Yes Robert, the stab trim has an electrically operated screw jack system that moves the leading edge of the stab up & down.
Like the article says, “it may take a year for investigation results”.
Will WE ever see them here???
Well … AVweb reported on the NTSB investigation results on the MD-83 jammed elevator takeoff crash at Willow Run – and noted that the NTSB praised the flight crew for acting correctly in the few seconds they had to recognize the problem and abort the takeoff. It was also interesting to see the detail that the NTSB went into during its investigation into the circumstances of the accident.
There were more than 100 people on that airplane, one person suffered minor injuries – a combination of excellent crew training and good crashworthiness in the aircraft design. Plus, none of the pax tried to take their luggage with them when they evacuated, they followed the cabin crew’s preflight briefing and got out fast even though two of the emergency exits malfunctioned.

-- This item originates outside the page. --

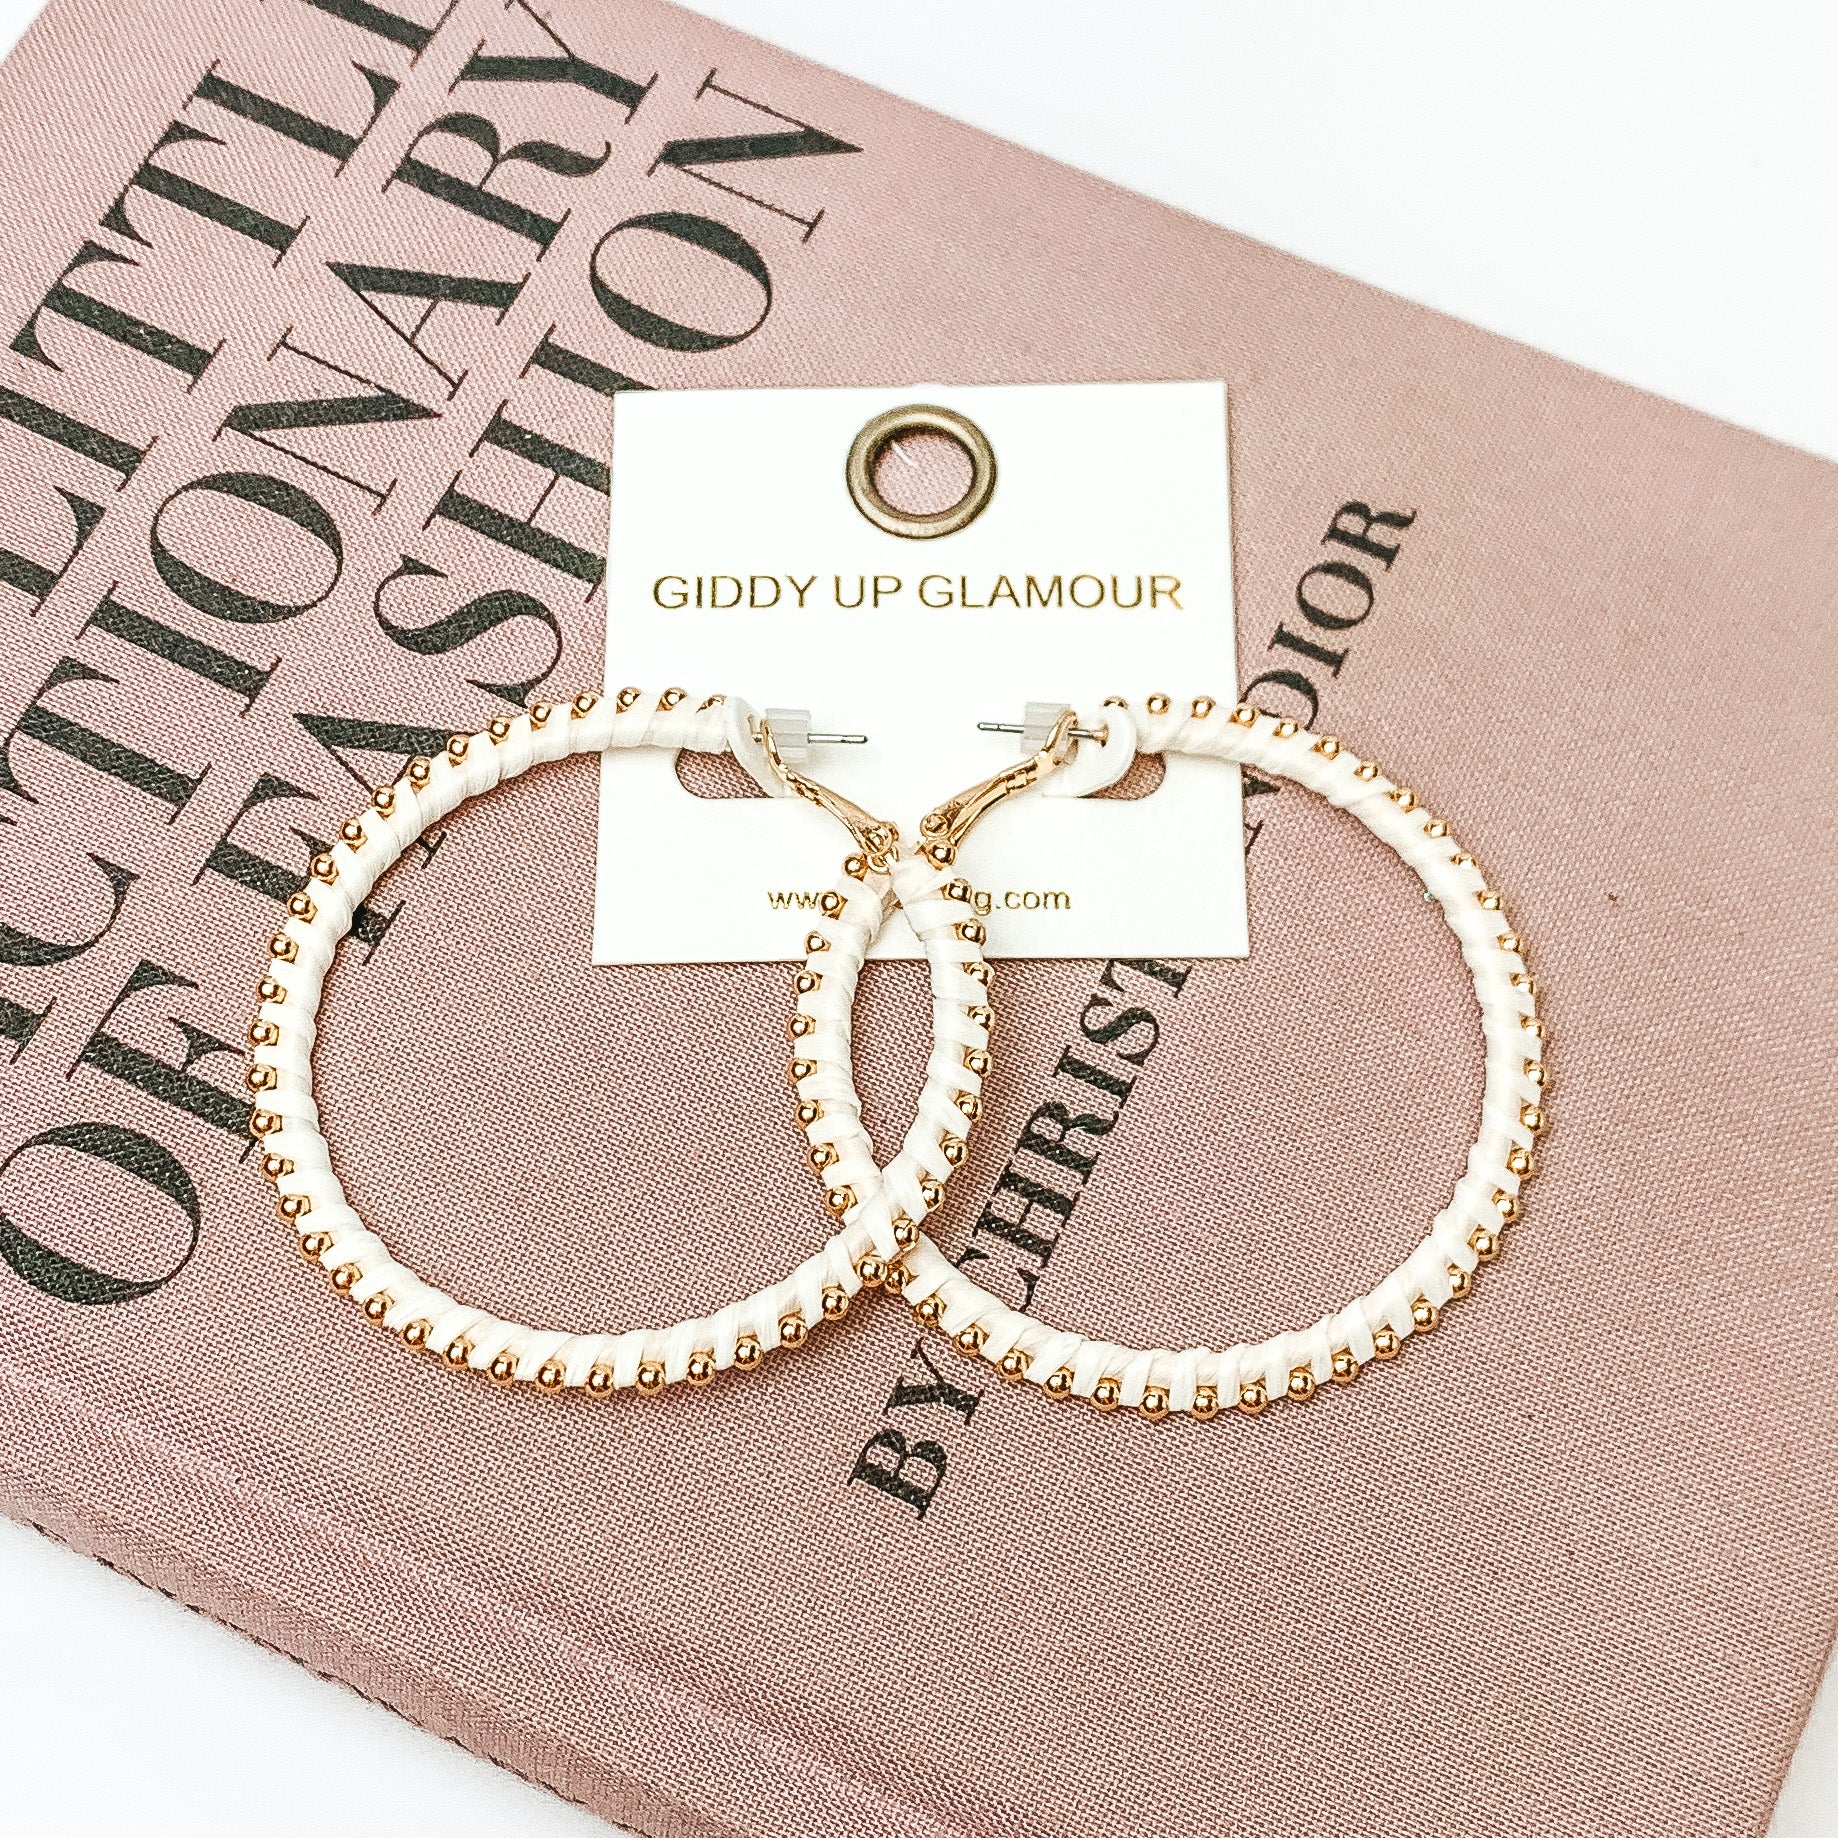 Pictured are circle ivory hoop earrings with gold beads around it. They are pictured with a pink fashion journal on a white background.

The damaged actuators shown are for geared servo tabs outboard of the control tabs. These tab move when the elevators move and are not tied to the controls. The inboard tabs are mechanically hooked to the controls and would have behaved fine prior to being subjected to an aerodynamic load.
Jammed controls discovered while still on the ground at liftoff Vspeeds are incredibly more preferable than 10 seconds after rotation after liftoff with the aircraft rapidly accelerating and several feet above the ground. Those people aboard the accident aircraft were very, VERY lucky.
This airplane had not flown for over 10 months prior to the accident flight due to maintenance. Loading 20 people on an airplane that has down that long for maintenance, routine or otherwise shows a collective lack of aeronautical decision making by the owner and crew. 10 months gives plenty of opportunity for the damage those elevator hinges took due to wind gusts.
Those elevator controls, as others have already pointed out, are finely balanced. Any wind up the tail can make them hit the stops. When in airline service , these airplanes did not sit idle much except for maintenance done in good indoor hangar facilities. And line maintenance kept a keen eye on potential wind damage from local weather or jet blast from other airliners. There was a concerted effort to minimize damage to the Dc-9/MD-80 series airplanes from I have spent several years in a couple of Part 145 refurbishment shops where phase checks, complete paint/ interior refurbs, avionics upgrades, sometimes engine changes are routinely done and could count on my hands the number of post maintenance check flights performed by the owner(s) or contract pilots. 90% show up on the ramp with dogs, kids, wife, mistress , in-laws and outlaws for that first flight in their shiny, leather wrapped Belchfire 10,000 for that first flight after major refurbishment. Often times launching IFR at minimums.
This flight was just another routine flight as far as the owner and flight crew was concerned. That changed when rotation did not happen. In addition, I wonder how and why this flight was a Part 91 flight. I never knew there is a way to fly an airliner under Part 91. Lastly, 6700 feet is not a lot of runway for an airplane if this size. It was amazing the crew got it stopped with the help of the local topography, sheared off landing gear, and stopped in only 1400 feet beyond the end of the runway. I wonder if the NTSB will make a decision on probable cause largely contributed by a total lack of ADM prior to flight.
Airlines publish a flight schedule, and they operate those scheduled flights under Part 121 regulations. But most of the unscheduled flights (test flights, reposition flights, maintenance flights) are operated under Part 91. When an air carrier operates a charter flight (think major-league sports teams), they might do it under Part 135 or they might use Part 121.
My point being, the aircraft type doesn’t really influence the operation type.
Jim, What is ADM?
I imagine that ADM probably stands for “aeronautical decision making”.